***** Working data

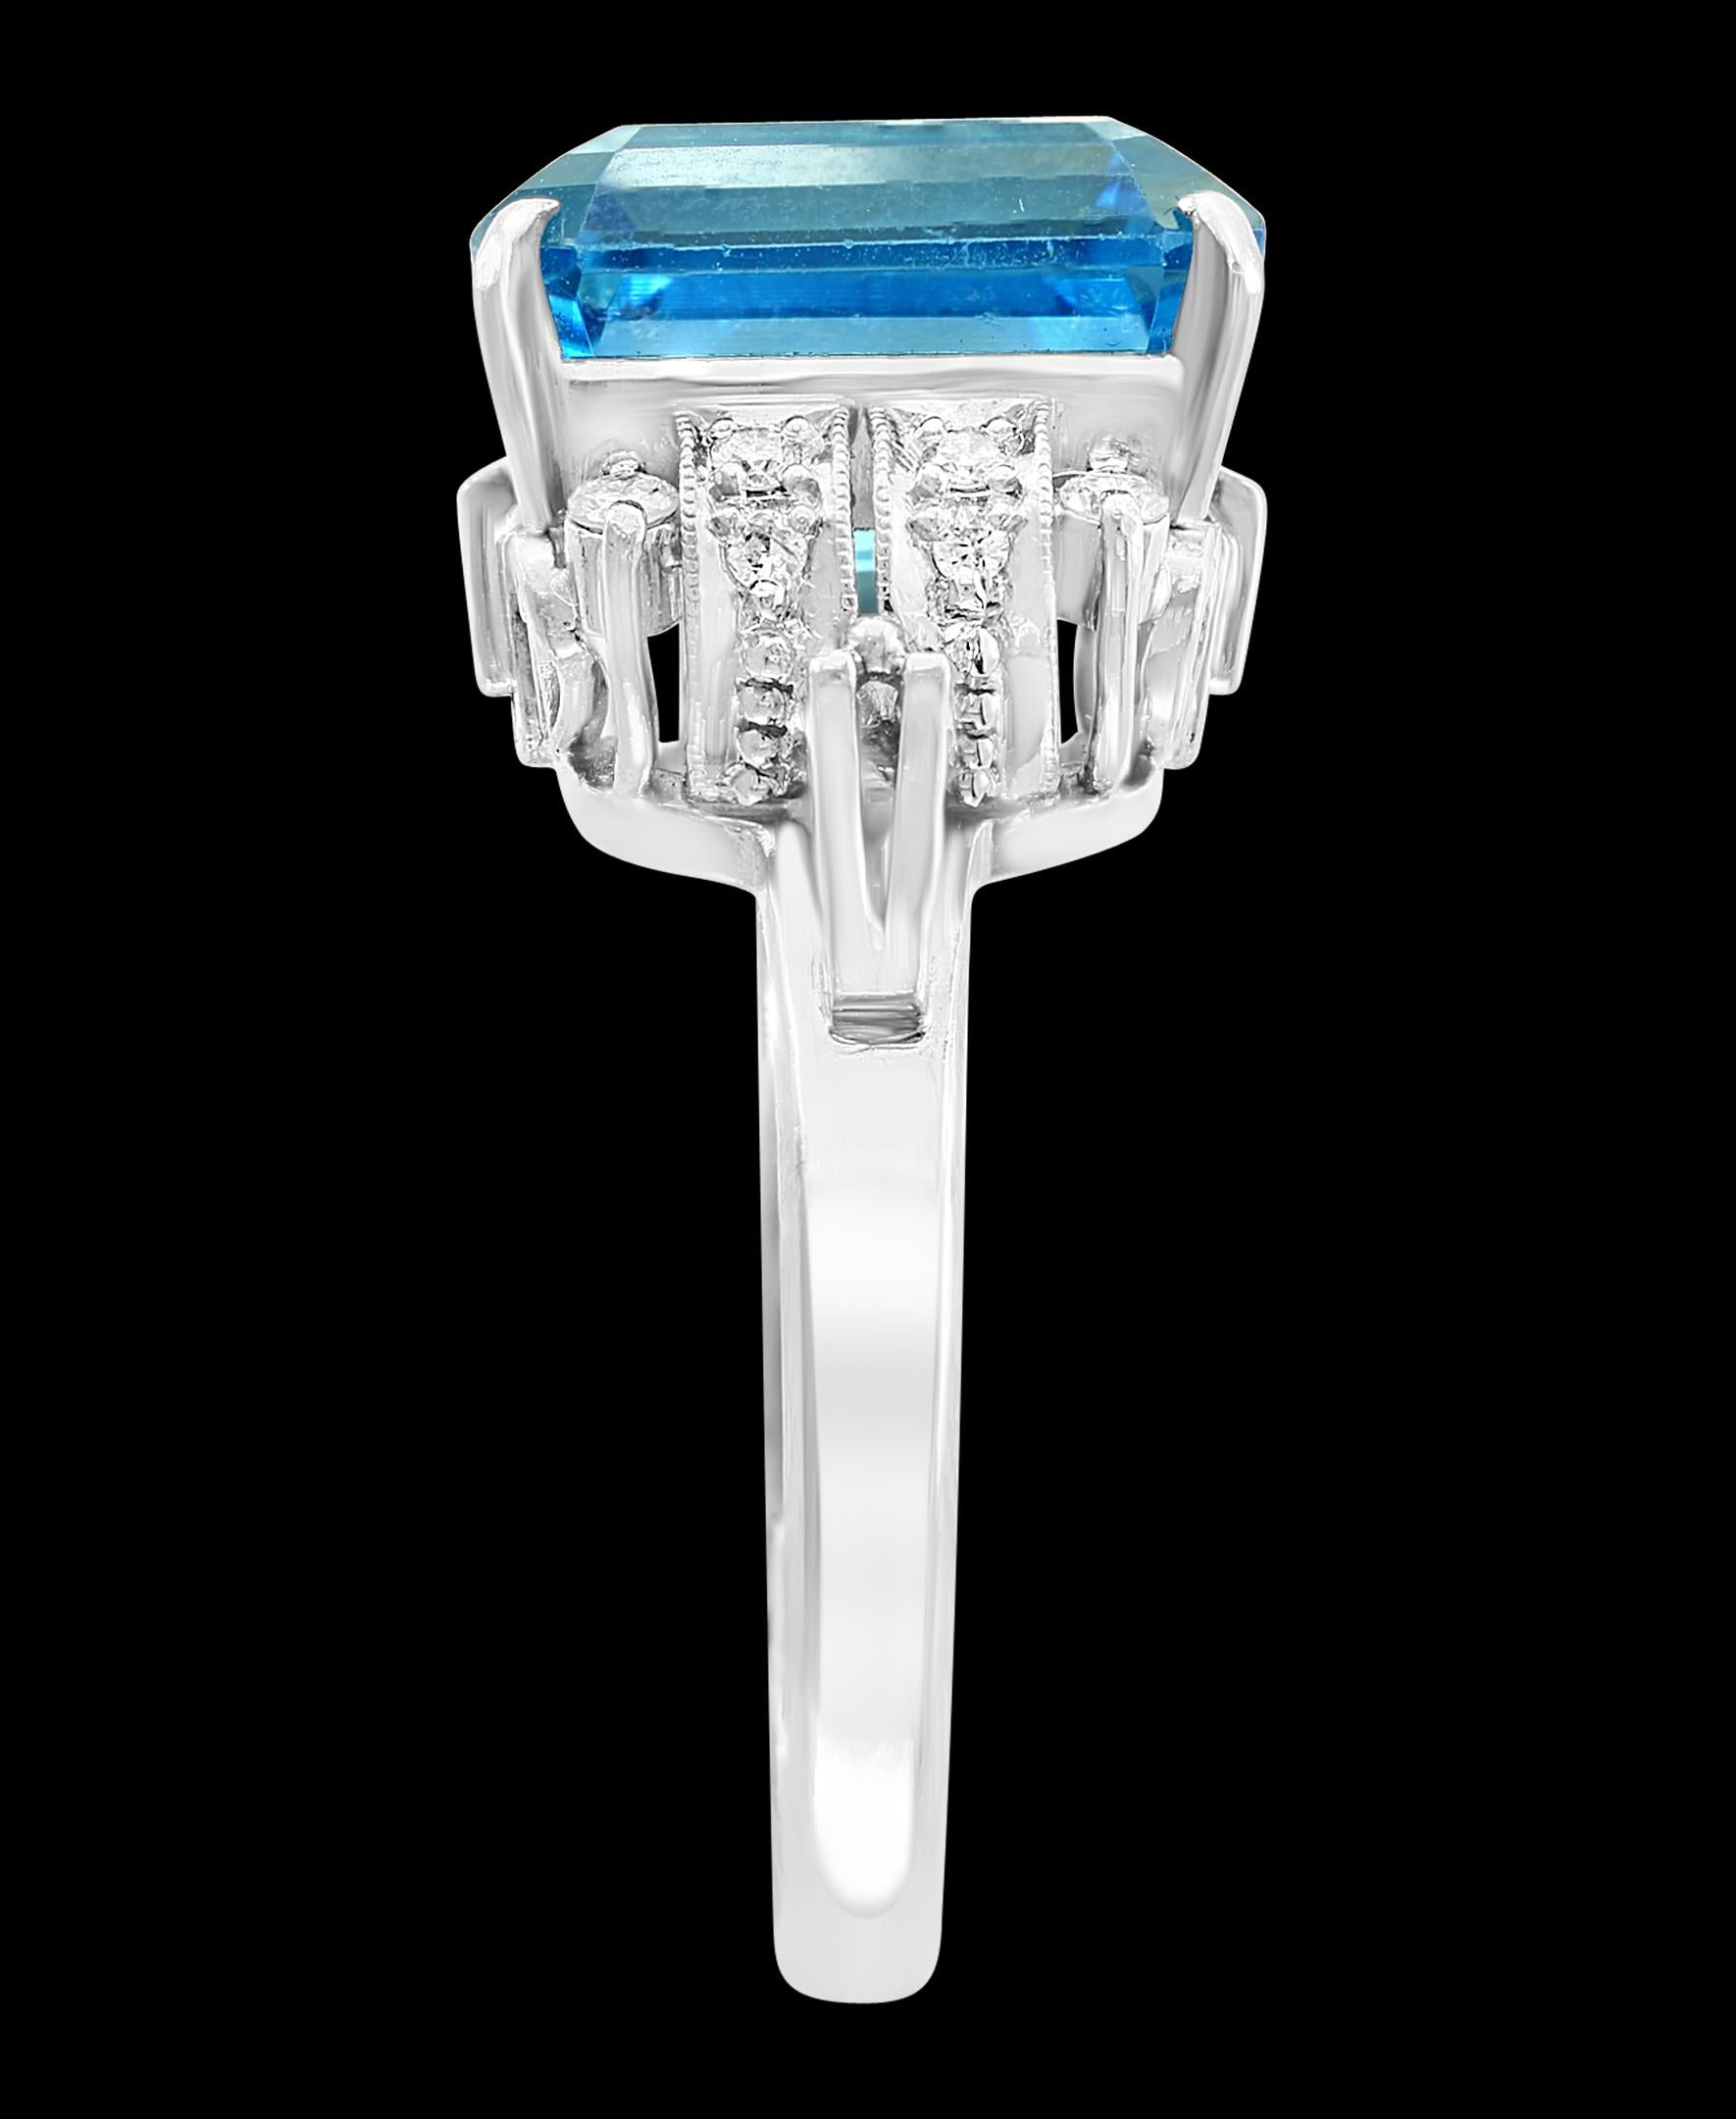 A classic, High Quality Blue Topaz
5.8  Carat of very clean no inclusion   natural Blue Topaz  and Diamond Ring
Platinum 10 gm
Diamonds : 0.10 Carats
It’s very hard to capture the true color and luster of the stone, I have tried to add pictures

**********

— Work order —
The answer must be a single number: how many lines in the data above contain the string "very".

— Task output —
2